Alexei noticed xdp_do_redirect test on BPF CI started failing on
BE systems after skb PP recycling was enabled:

test_xdp_do_redirect:PASS:prog_run 0 nsec
test_xdp_do_redirect:PASS:pkt_count_xdp 0 nsec
test_xdp_do_redirect:PASS:pkt_count_zero 0 nsec
test_xdp_do_redirect:FAIL:pkt_count_tc unexpected pkt_count_tc: actual
220 != expected 9998
test_max_pkt_size:PASS:prog_run_max_size 0 nsec
test_max_pkt_size:PASS:prog_run_too_big 0 nsec
close_netns:PASS:setns 0 nsec
 #289 xdp_do_redirect:FAIL
Summary: 270/1674 PASSED, 30 SKIPPED, 1 FAILED

and it doesn't happen on LE systems.
Ilya then hunted it down to:

 #0  0x0000000000aaeee6 in neigh_hh_output (hh=0x83258df0,
skb=0x88142200) at linux/include/net/neighbour.h:503
 #1  0x0000000000ab2cda in neigh_output (skip_cache=false,
skb=0x88142200, n=<optimized out>) at linux/include/net/neighbour.h:544
 #2  ip6_finish_output2 (net=net@entry=0x88edba00, sk=sk@entry=0x0,
skb=skb@entry=0x88142200) at linux/net/ipv6/ip6_output.c:134
 #3  0x0000000000ab4cbc in __ip6_finish_output (skb=0x88142200, sk=0x0,
net=0x88edba00) at linux/net/ipv6/ip6_output.c:195
 #4  ip6_finish_output (net=0x88edba00, sk=0x0, skb=0x88142200) at
linux/net/ipv6/ip6_output.c:206

xdp_do_redirect test places a u32 marker (0x42) right before the Ethernet
header to check it then in the XDP program and return %XDP_ABORTED if it's
not there. Neigh xmit code likes to round up hard header length to speed
up copying the header, so it overwrites two bytes in front of the Eth
header. On LE systems, 0x42 is one byte at `data - 4`, while on BE it's
`data - 1`, what explains why it happens only there.
It didn't happen previously due to that %XDP_PASS meant the page will be
discarded and replaced by a new one, but now it can be recycled as well,
while bpf_test_run code doesn't reinitialize the content of recycled
pages. This mark is limited to this particular test and its setup though,
so there's no need to predict 1000 different possible cases. Just move
it 4 bytes to the left, still keeping it 32 bit to match on more bytes.
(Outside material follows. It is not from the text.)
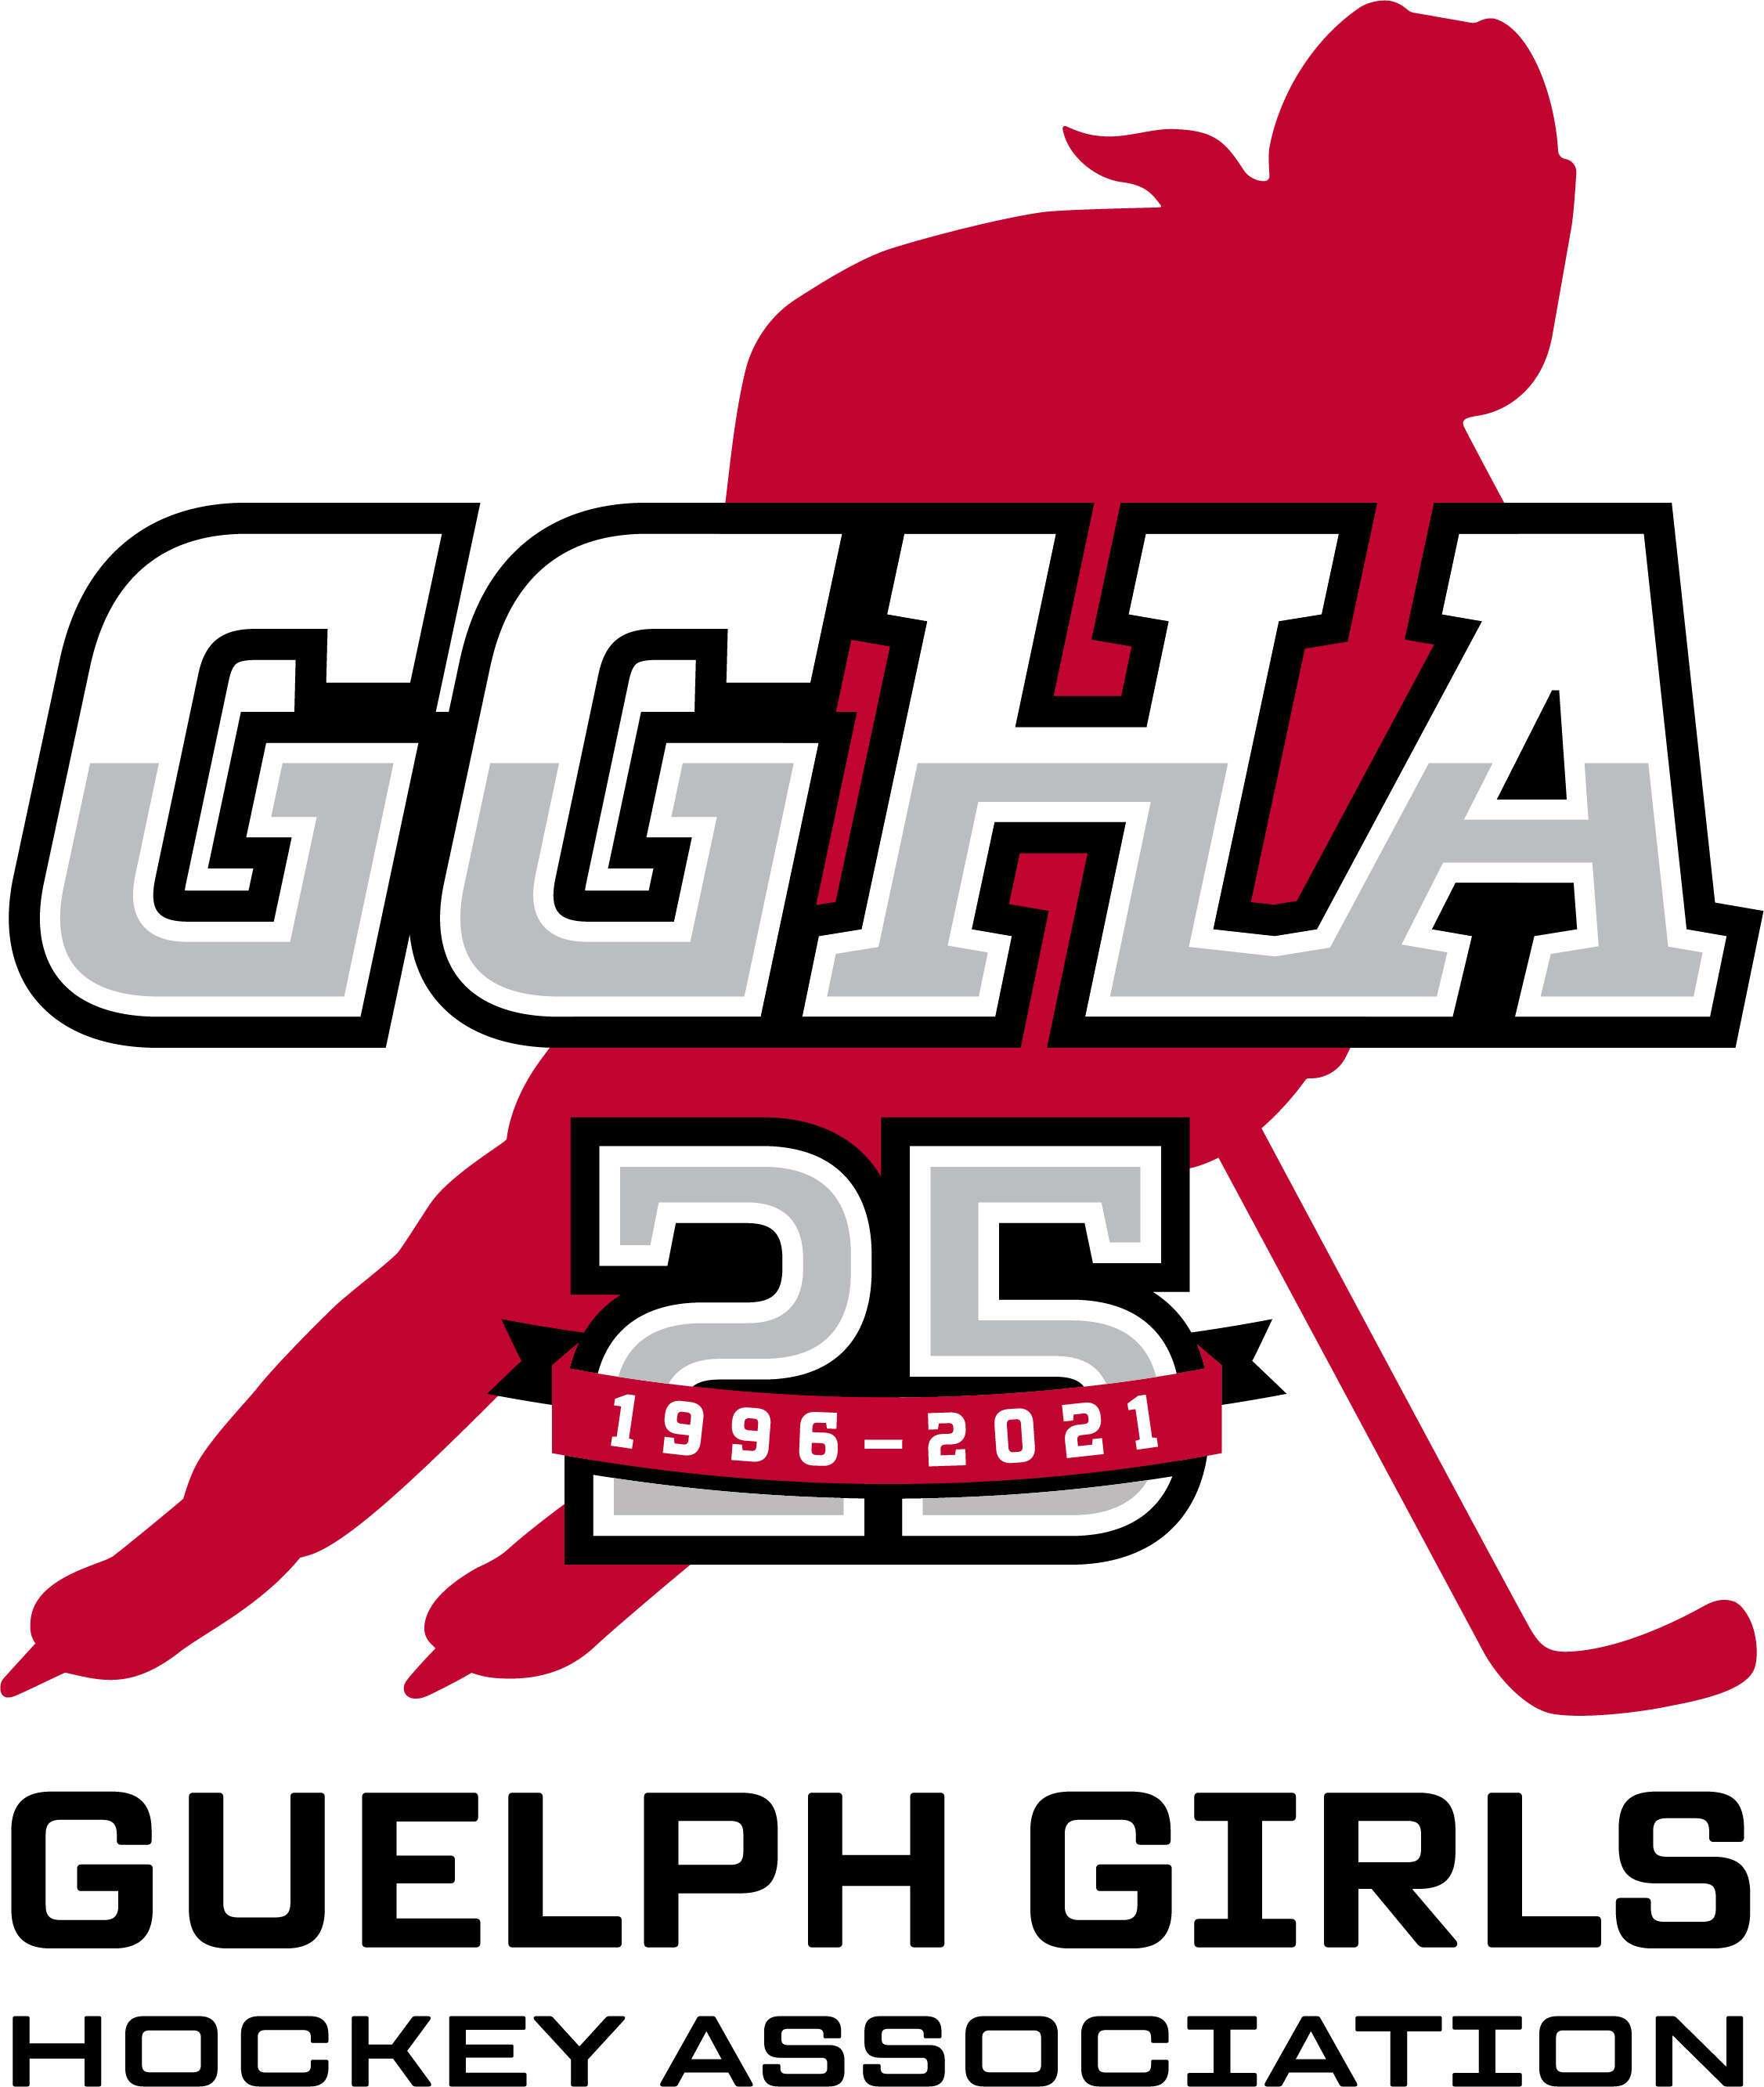 https://ggha.com/public/images/common/GGHA_Logo_25_RGB.jpg?rdm=0.9353789712547134

Fixes: 9c94bbf9a87b ("xdp: recycle Page Pool backed skbs built from XDP frames")
Reported-by: Alexei Starovoitov <ast@kernel.org>
Link: https://lore.kernel.org/bpf/CAADnVQ+B_JOU+EpP=DKhbY9yXdN6GiRPnpTTXfEZ9sNkUeb-yQ@mail.gmail.com
Reported-by: Ilya Leoshkevich <iii@linux.ibm.com> # + debugging
Link: https://lore.kernel.org/bpf/8341c1d9f935f410438e79d3bd8a9cc50aefe105.camel@linux.ibm.com
Signed-off-by: Alexander Lobakin <aleksander.lobakin@intel.com>
---
 tools/testing/selftests/bpf/prog_tests/xdp_do_redirect.c | 7 ++++---
 tools/testing/selftests/bpf/progs/test_xdp_do_redirect.c | 2 +-
 2 files changed, 5 insertions(+), 4 deletions(-)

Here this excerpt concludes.